» The problem
Using only the entries below, output the lines starting at the one containing "Dave Lewis became" and ending at the one containing "Goku's death to", exactly and inclusive of both, omitting the pictures.

» Given records
——————————

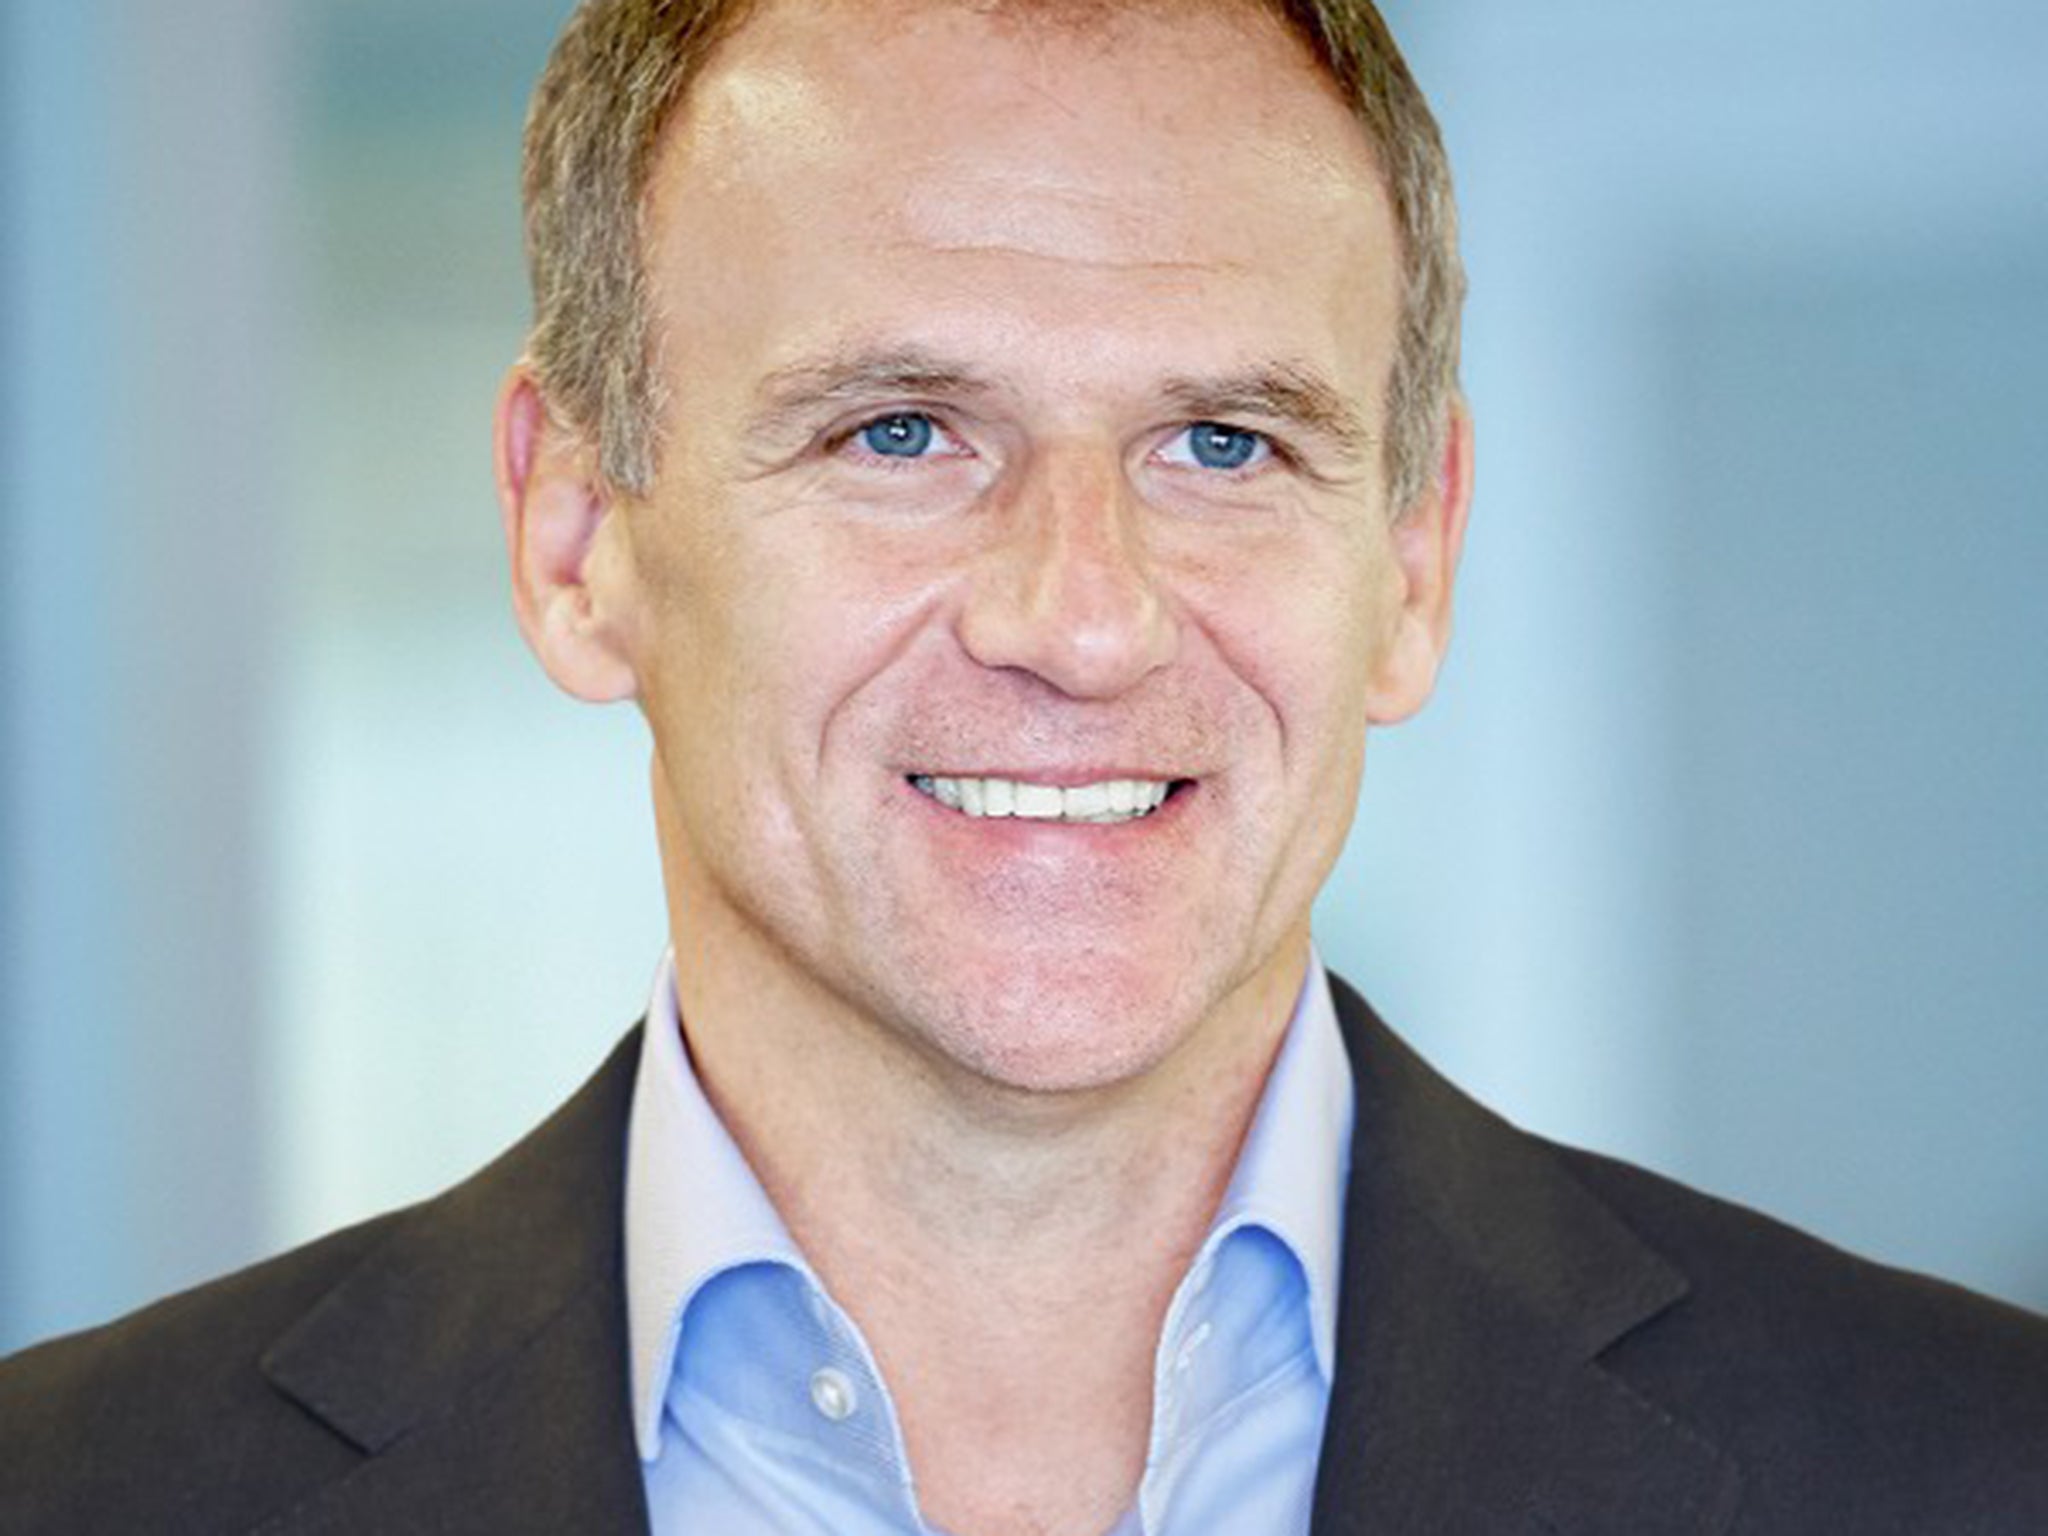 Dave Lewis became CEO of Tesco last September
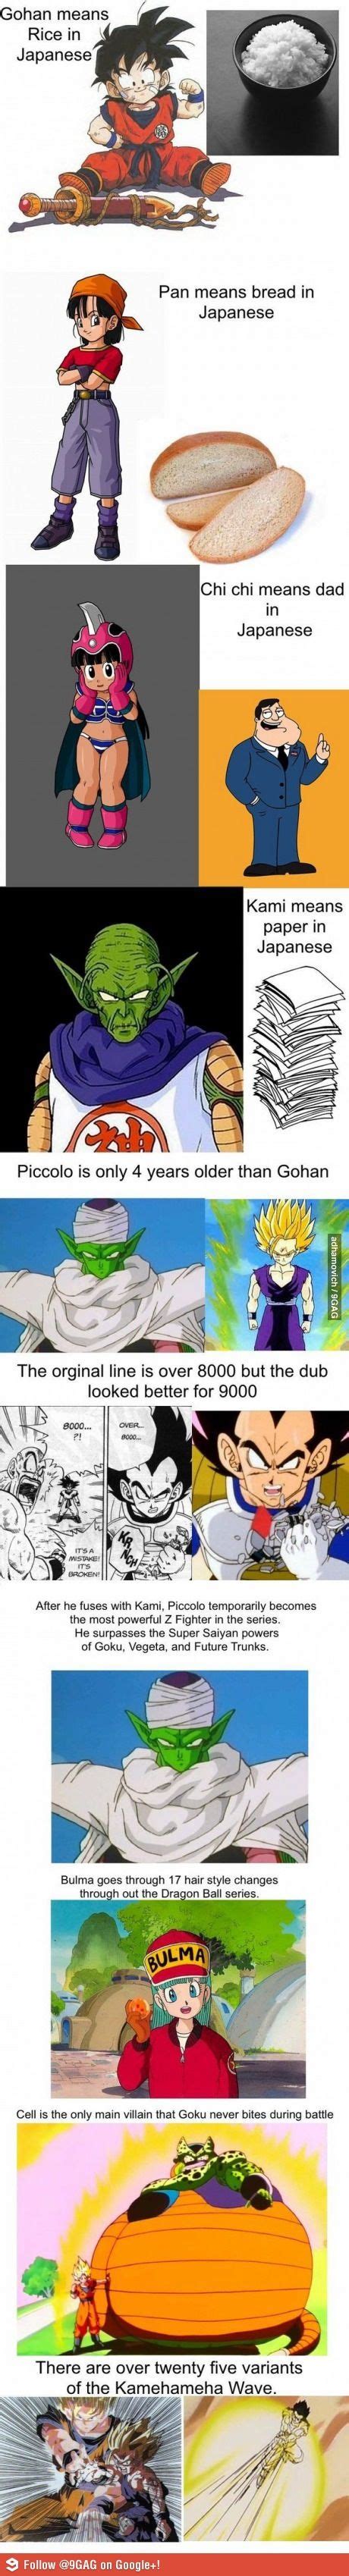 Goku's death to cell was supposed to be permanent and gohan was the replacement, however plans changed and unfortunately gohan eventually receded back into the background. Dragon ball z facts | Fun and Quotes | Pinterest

——————————

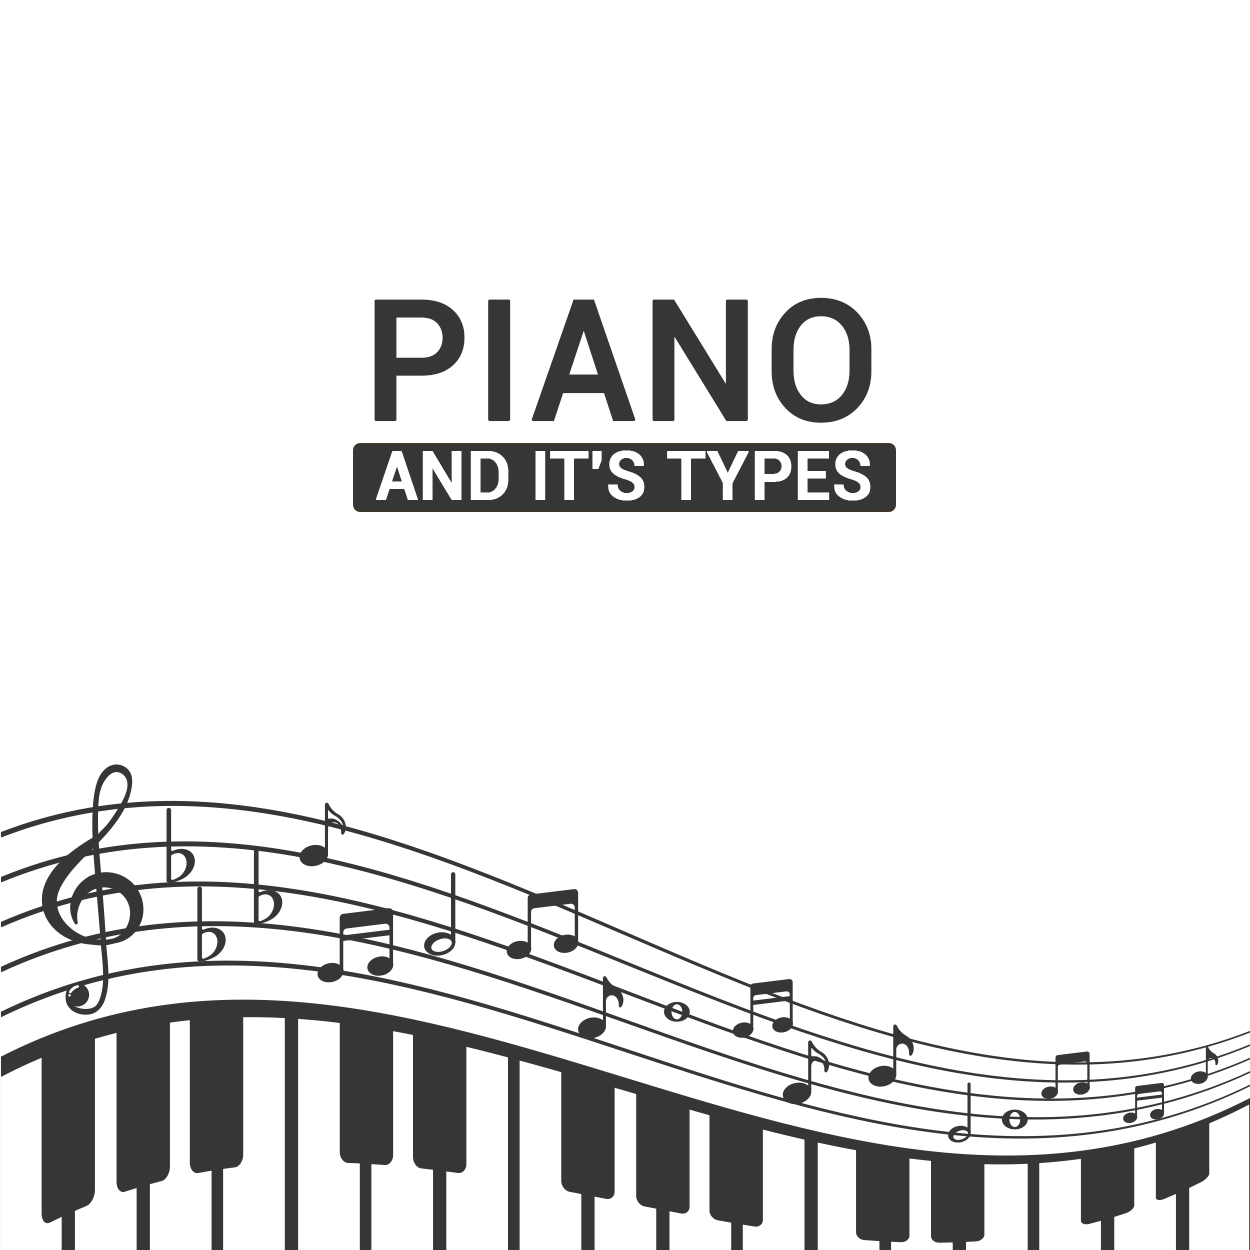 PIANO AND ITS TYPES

——————————

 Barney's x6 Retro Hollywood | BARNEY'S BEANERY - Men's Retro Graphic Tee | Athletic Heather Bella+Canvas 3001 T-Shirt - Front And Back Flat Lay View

——————————

» Solution to this task
 Dave Lewis became CEO of Tesco last September
 Goku's death to cell was supposed to be permanent and gohan was the replacement, however plans changed and unfortunately gohan eventually receded back into the background. Dragon ball z facts | Fun and Quotes | Pinterest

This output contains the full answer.